The question now is whether Trump is trading one fantasy for another. The logic of linking an Iran nuclear deal to Abraham Accords expansion has a certain internal coherence. If Iran agrees to constrain its nuclear program, Trump can present the deal as a historic realignment—not just arms control, but a new Middle East order in which Arab states and Israel stand together against Iranian influence. In theory, it would be transformative. The problem is that theory and Middle Eastern reality have a troubled relationship. Iran has not agreed to anything yet. The nations Trump is calling on have not consented. Gaza is still burning. And the Abraham Accords, as an instrument, were designed for government-to-government normalization between states with strategic alignment but lacking formal ties. They were not designed for mass expansion under political pressure, or for countries with deep popular opposition to Israel, or for linkage to an entirely separate nuclear negotiation. Success now depends entirely on what happens in Gaza. Any significant reduction in the scale of Israeli military operations—or, more dramatically, a ceasefire and credible political process—would change the political calculus for several of these governments. Saudi Arabia in particular has indicated that a pathway to Palestinian statehood, even an imperfect one, could open the door to deeper engagement. Without that pathway, the demand for normalization puts governments in an impossible position: they would be rewarding Israel diplomatically at precisely the moment their publics view Israel's actions most harshly. The Iran negotiations are ongoing. If a nuclear framework does emerge, the Abraham Accords expansion push will likely be tested again. At that point, the question will not be whether governments receive the call from Washington, but whether they have the domestic political space to say yes. Right now, most of them do not.

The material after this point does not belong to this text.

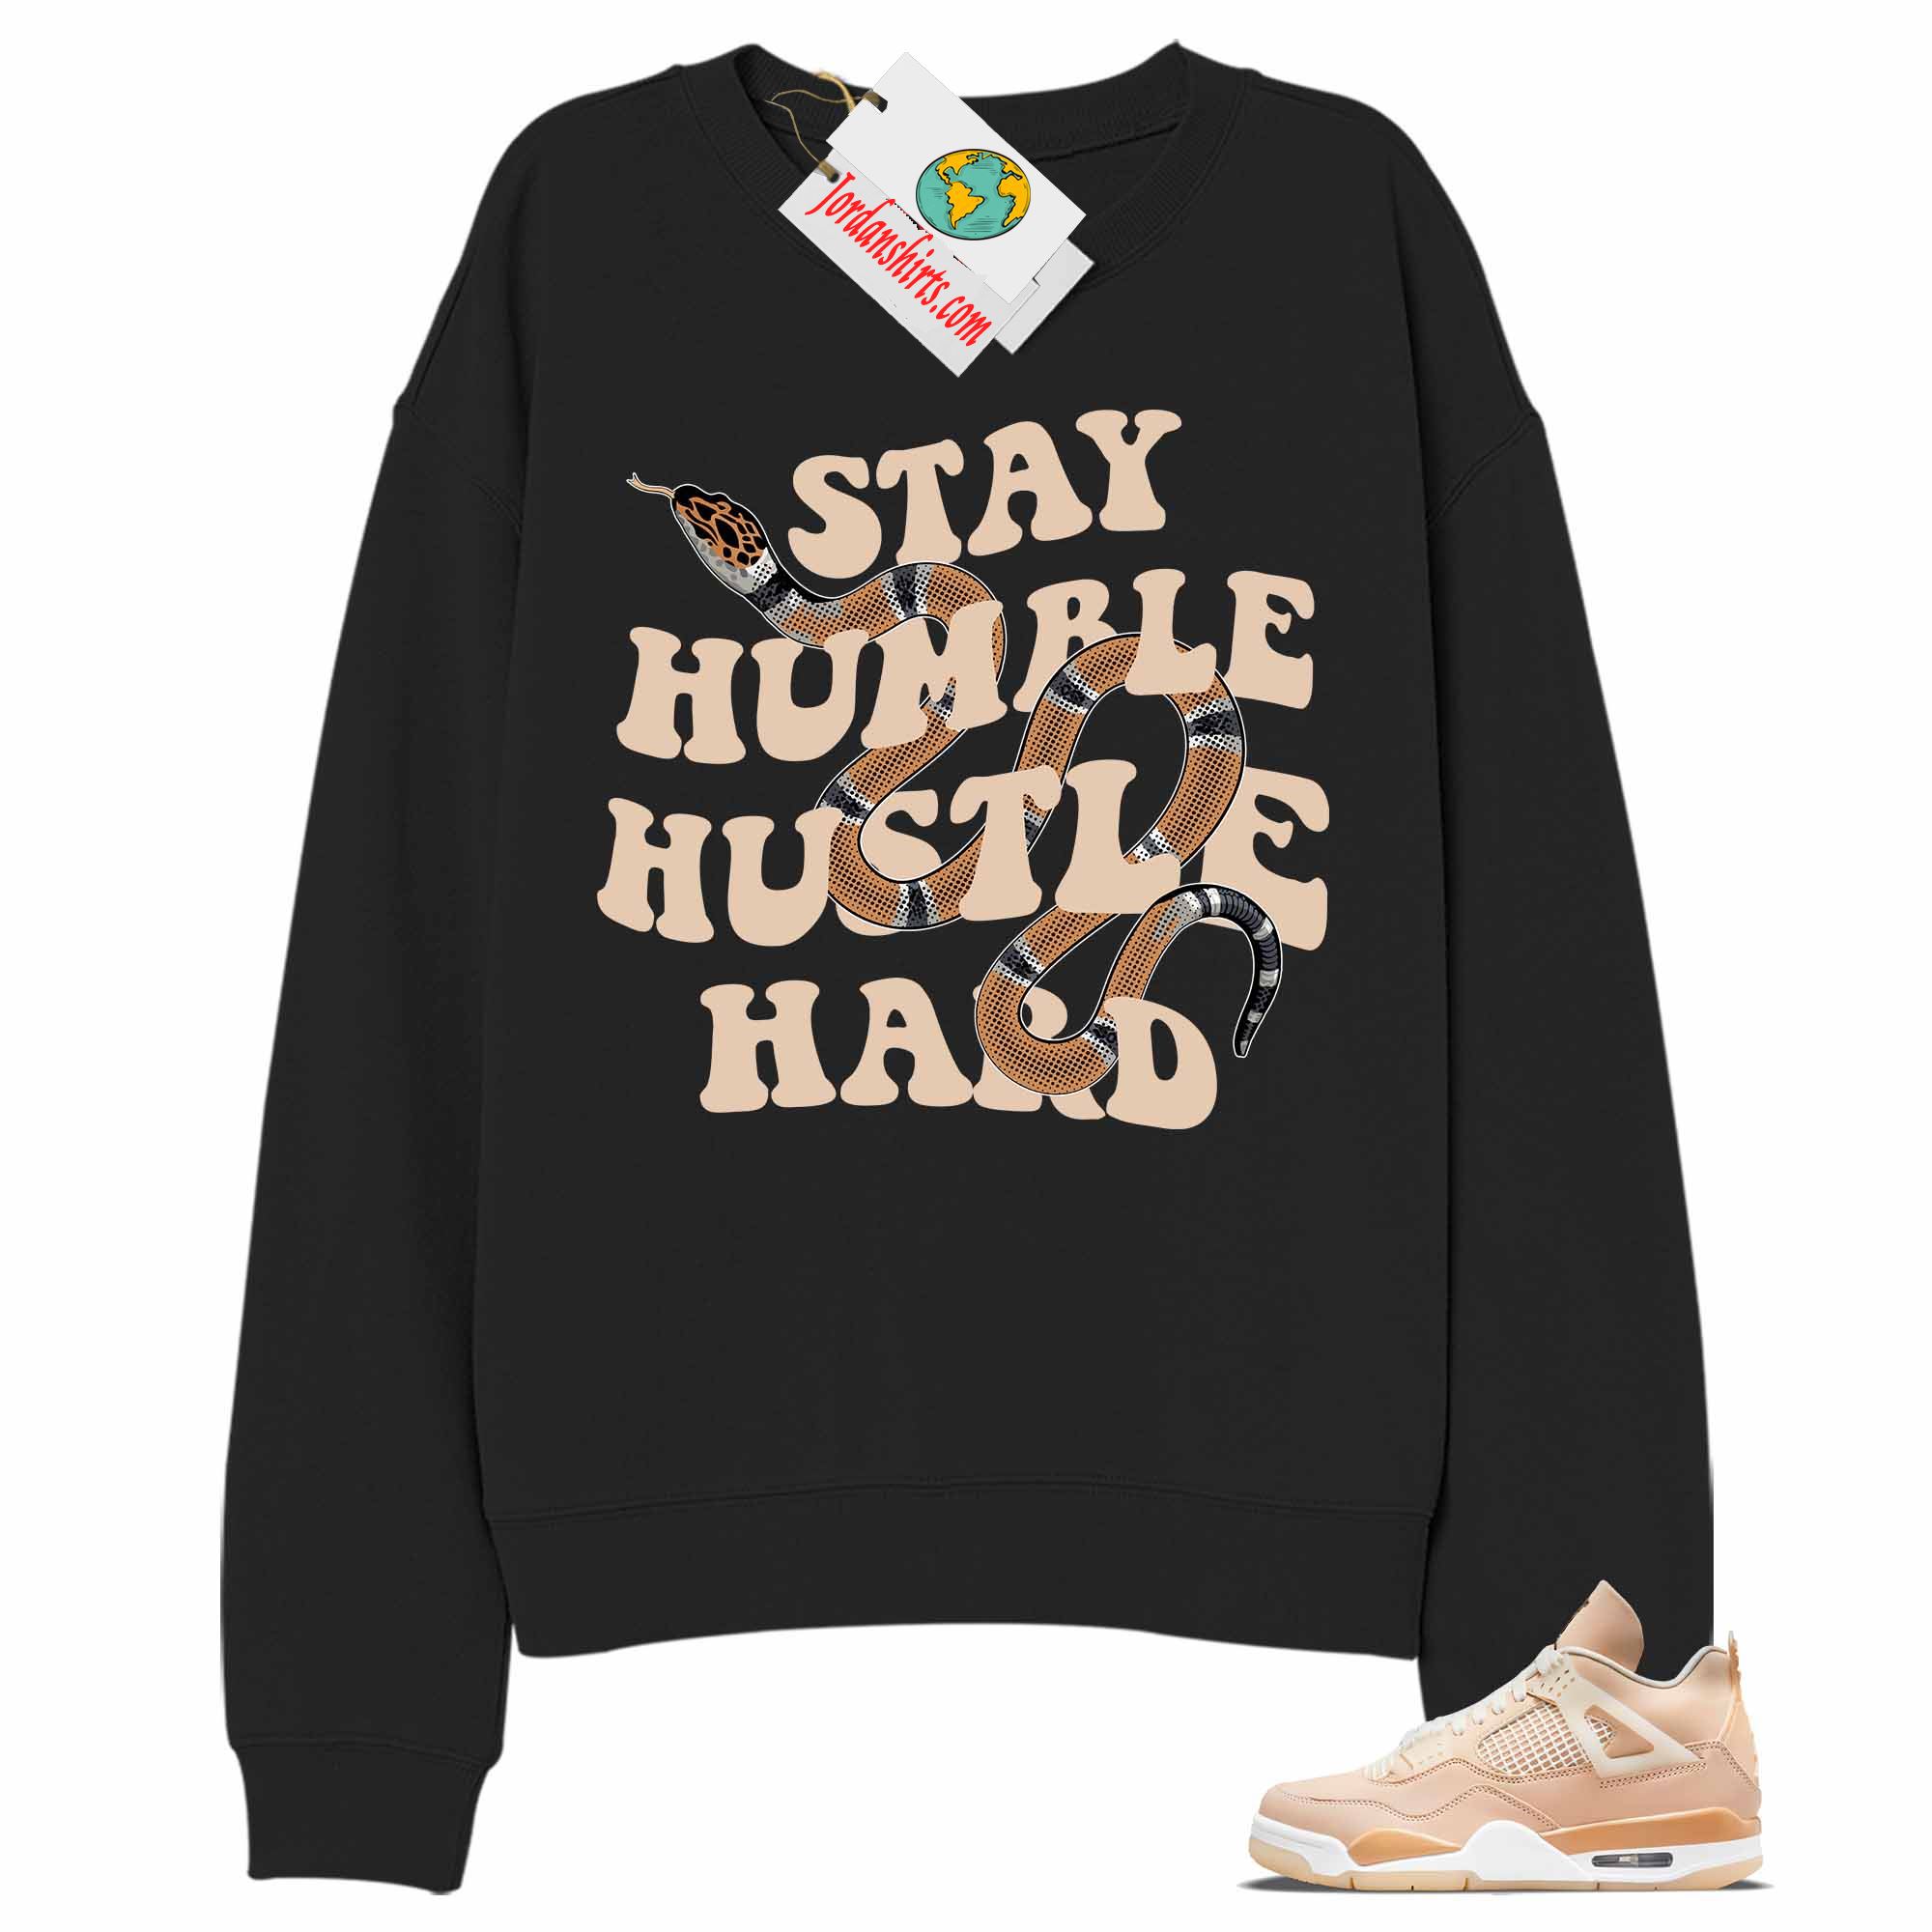 Jordan 4 Sweatshirt, Stay Humble Hustle Hard King Snake Black Sweatshirt Air Jordan 4 Shimmer 4s Size Up To 5xl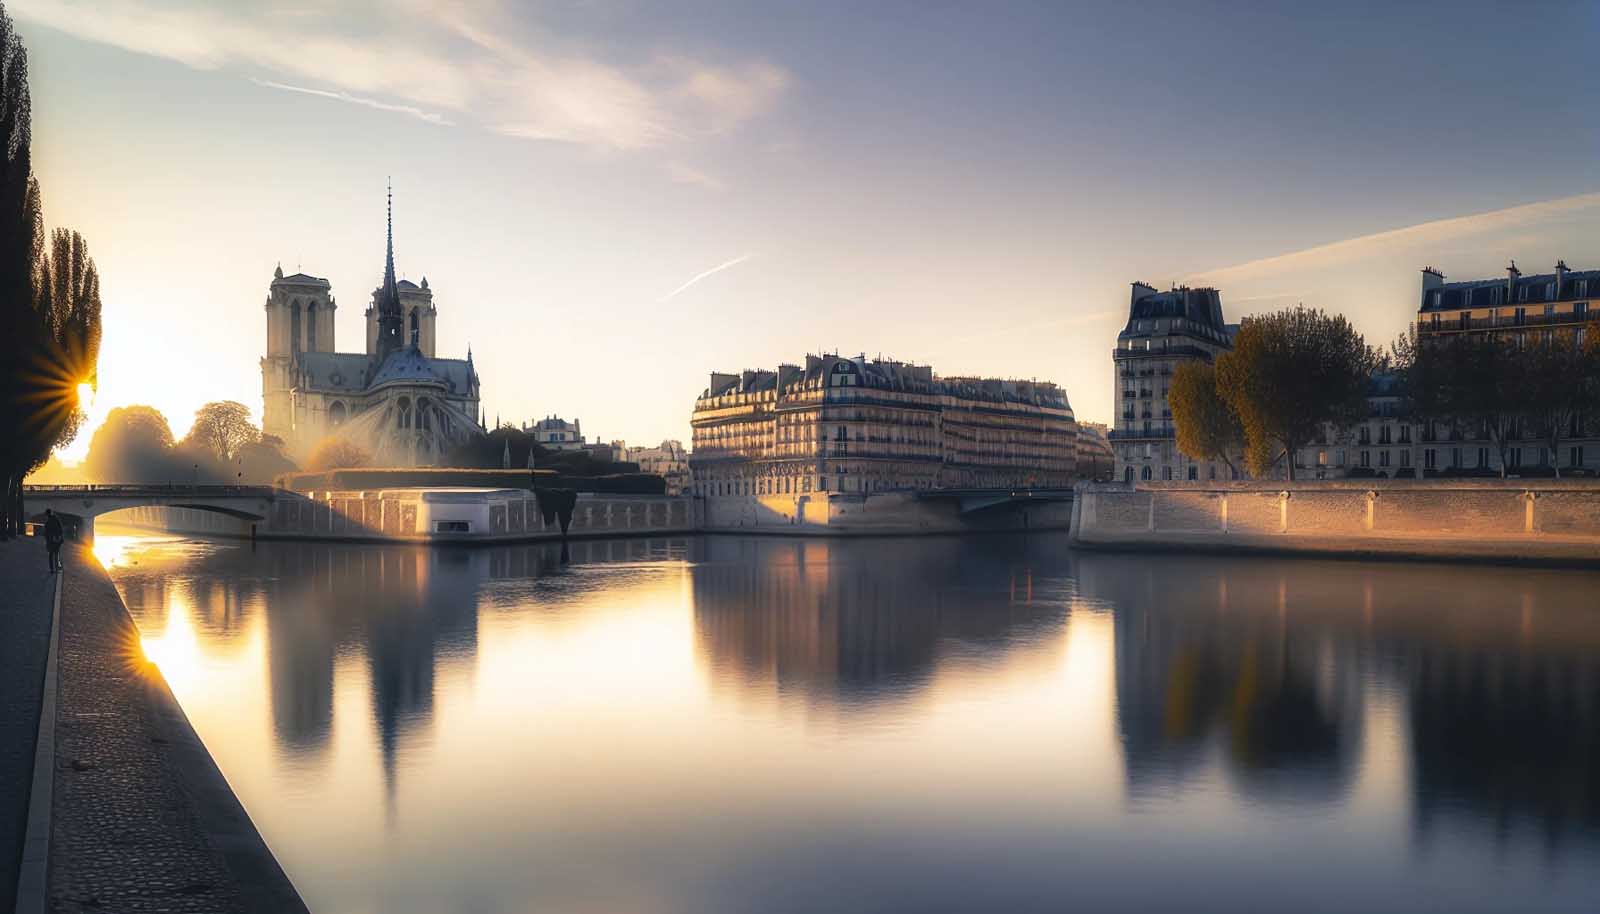 Sunrise over the Île de la Cité with Notre Dame Cathedral

Trump is trying to sell an Iran deal as an Abraham Accords sequel: good for Israel, good for the region, tough enough for Washington. But he is trading one fantasy for another.
— Ali Vaez, Iran Project Director, International Crisis Group
The two issues were not interlinked and cannot be made so.
— Pakistani source familiar with the matter, on linking Abraham Accords to Iran nuclear deal
A Conversa do Hearth Outra perspectiva sobre a história
Inventor

Why did Trump think he could expand the accords now, when Gaza is still burning?

Model

Because he's linking it to something bigger—an Iran nuclear deal. If he can present both as part of the same historic realignment, the logic becomes: contain Iran, stabilize the region, reward Israel for cooperation. It's elegant on paper.

Inventor

But Pakistan said no immediately. Doesn't that tell you something?

Model

It tells you that domestic politics matter more than Washington's pressure. Pakistan can't recognize Israel while its own public is watching Palestinians die. The political cost is too high. And if that's true for Pakistan, it's true for most of the others.

Inventor

So the original accords actually worked?

Model

For trade and business, absolutely. UAE-Israel trade hit three billion dollars. Airlines, tourism, tech partnerships—all real. But the accords never touched the Palestinian question. They deliberately avoided it. That was fine when Gaza wasn't in the headlines. Now it's the only thing in the headlines.

Inventor

What would change the calculation?

Model

A ceasefire. A credible pathway to Palestinian statehood. Something that lets these governments tell their own people they didn't just abandon the Palestinians for a handshake with Israel. Without that, you're asking governments to reward Israel at the exact moment their publics are most angry at Israel.

Inventor

Is Saudi Arabia really the key?

Model

It's the only one that matters. If Saudi Arabia normalizes, the entire region's architecture shifts. But the Crown Prince won't do it without a Palestinian pathway. He's consolidated power, but he can't openly recognize Israel while Gaza operations are ongoing. The domestic political space simply doesn't exist.

Inventor

So what happens next?

Model

It depends on Gaza. If there's a ceasefire and real political movement on Palestinian statehood, the phones might ring differently. If not, Trump's expansion push stays where it is now—with silence and rejection.